I am using a third party C++ library for sqlite orm. 我正在为sqlite orm使用第三方C ++库。 The library has a function that returns a template object.
该库具有一个返回模板对象的函数。 The type of the object is a very long template which depends on the number tables etc. That is why the examples provided always use
auto
. 对象的类型是一个很长的模板,取决于模板等。

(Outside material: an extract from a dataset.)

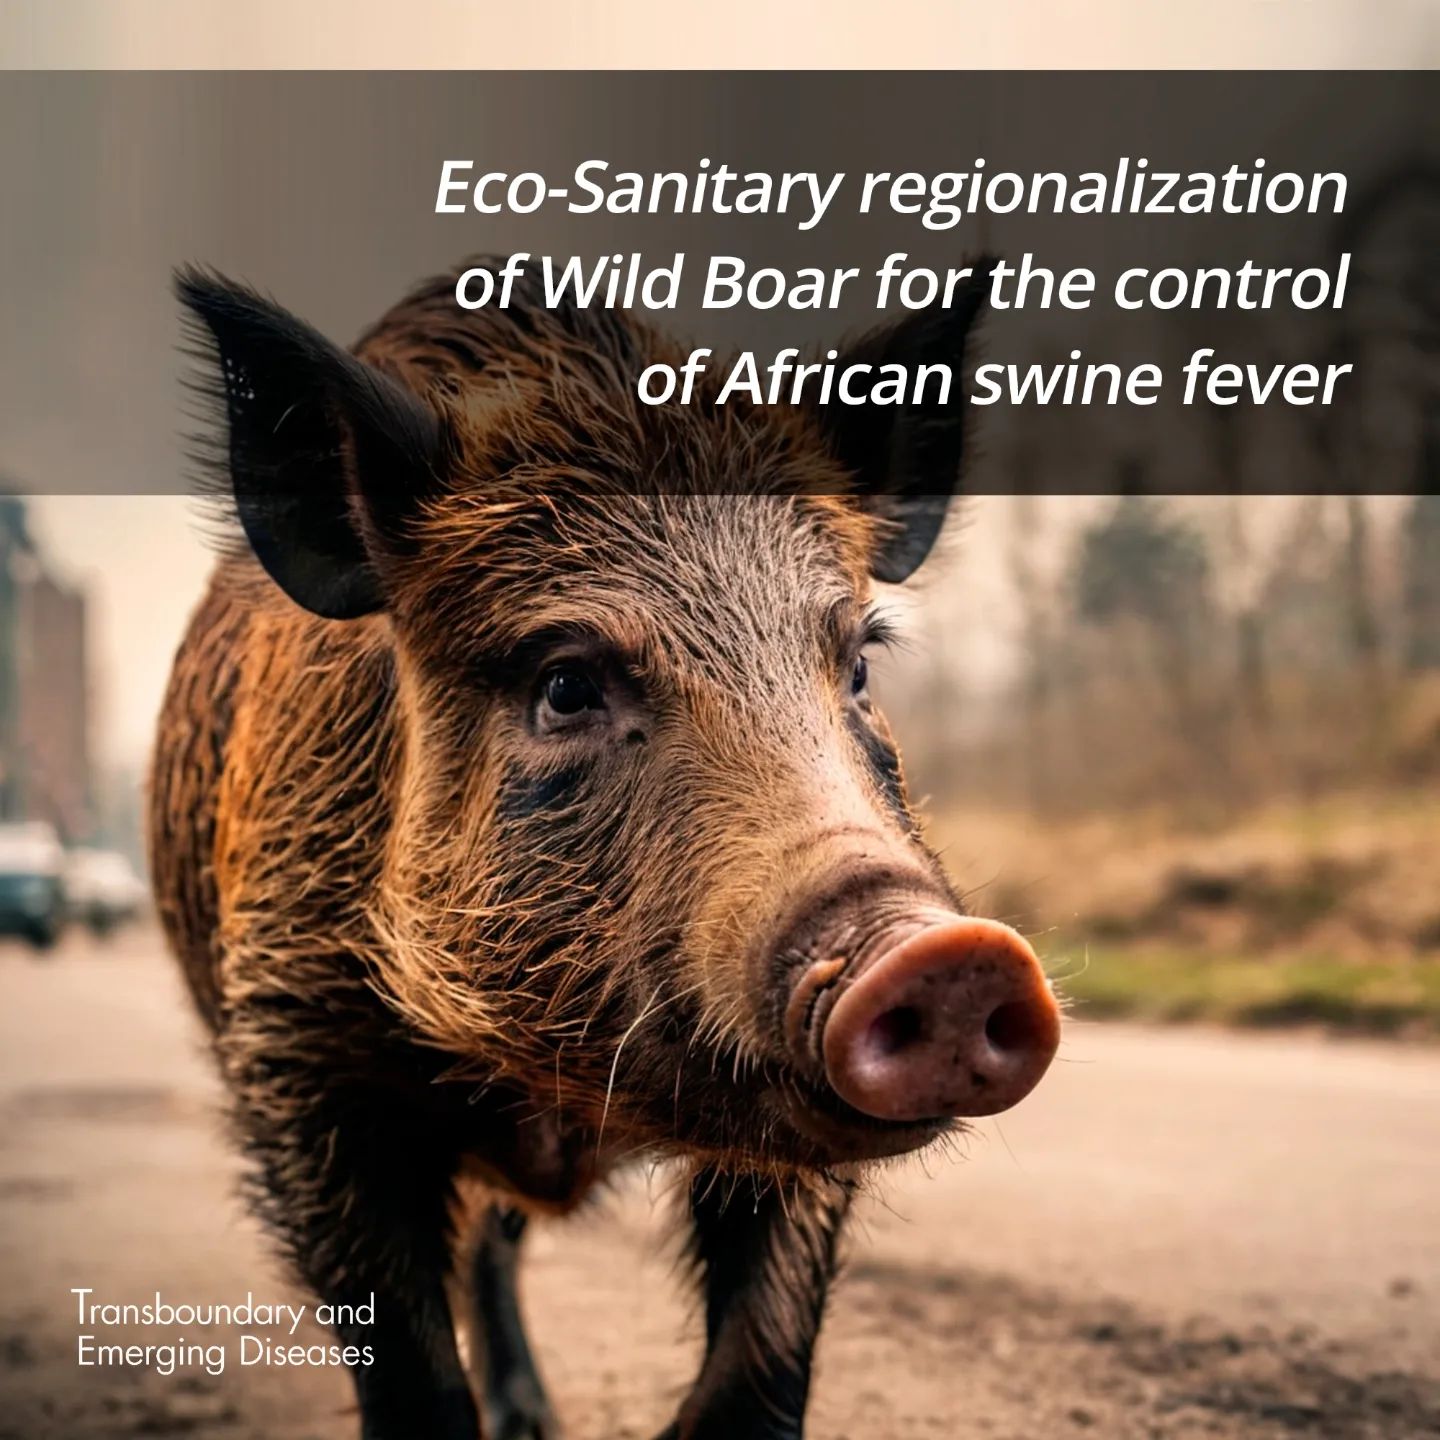 Eco-Sanitary Regionalization of Wild Boar (Sus scrofa) in the Western Palearctic Realm as a Tool for the Stewardship of African Swine Fever

这就是为什么提供的示例始终使用
auto
。 Here is an example: 这是一个例子:
auto storage = make_storage("db.sqlite",
make_table("users",
make_column("id", &User::id, autoincrement(), primary_key()),
make_column("first_name", &User::firstName),
make_column("last_name", &User::lastName),
make_column("birth_date", &User::birthDate),
make_column("image_url", &User::imageUrl),
make_column("type_id", &User::typeId)),
make_table("user_types",
make_column("id", &UserType::id, autoincrement(), primary_key()),
make_column("name", &UserType::name, default_value("name_placeholder"))));
The type of the storage
object that is returned from the function is very long, something like this: 从该函数返回的
storage
对象的类型非常长,如下所示:
sqlite_orm::internal::storage_t<sqlite_orm::internal::table_t<Feed::MyClass, sqlite_orm::internal::column_t<Feed::MyClass, int, int const& (Feed::MyClass::*)() const, void (Feed::MyClass::*)(int), sqlite_orm::constraints::autoincrement ...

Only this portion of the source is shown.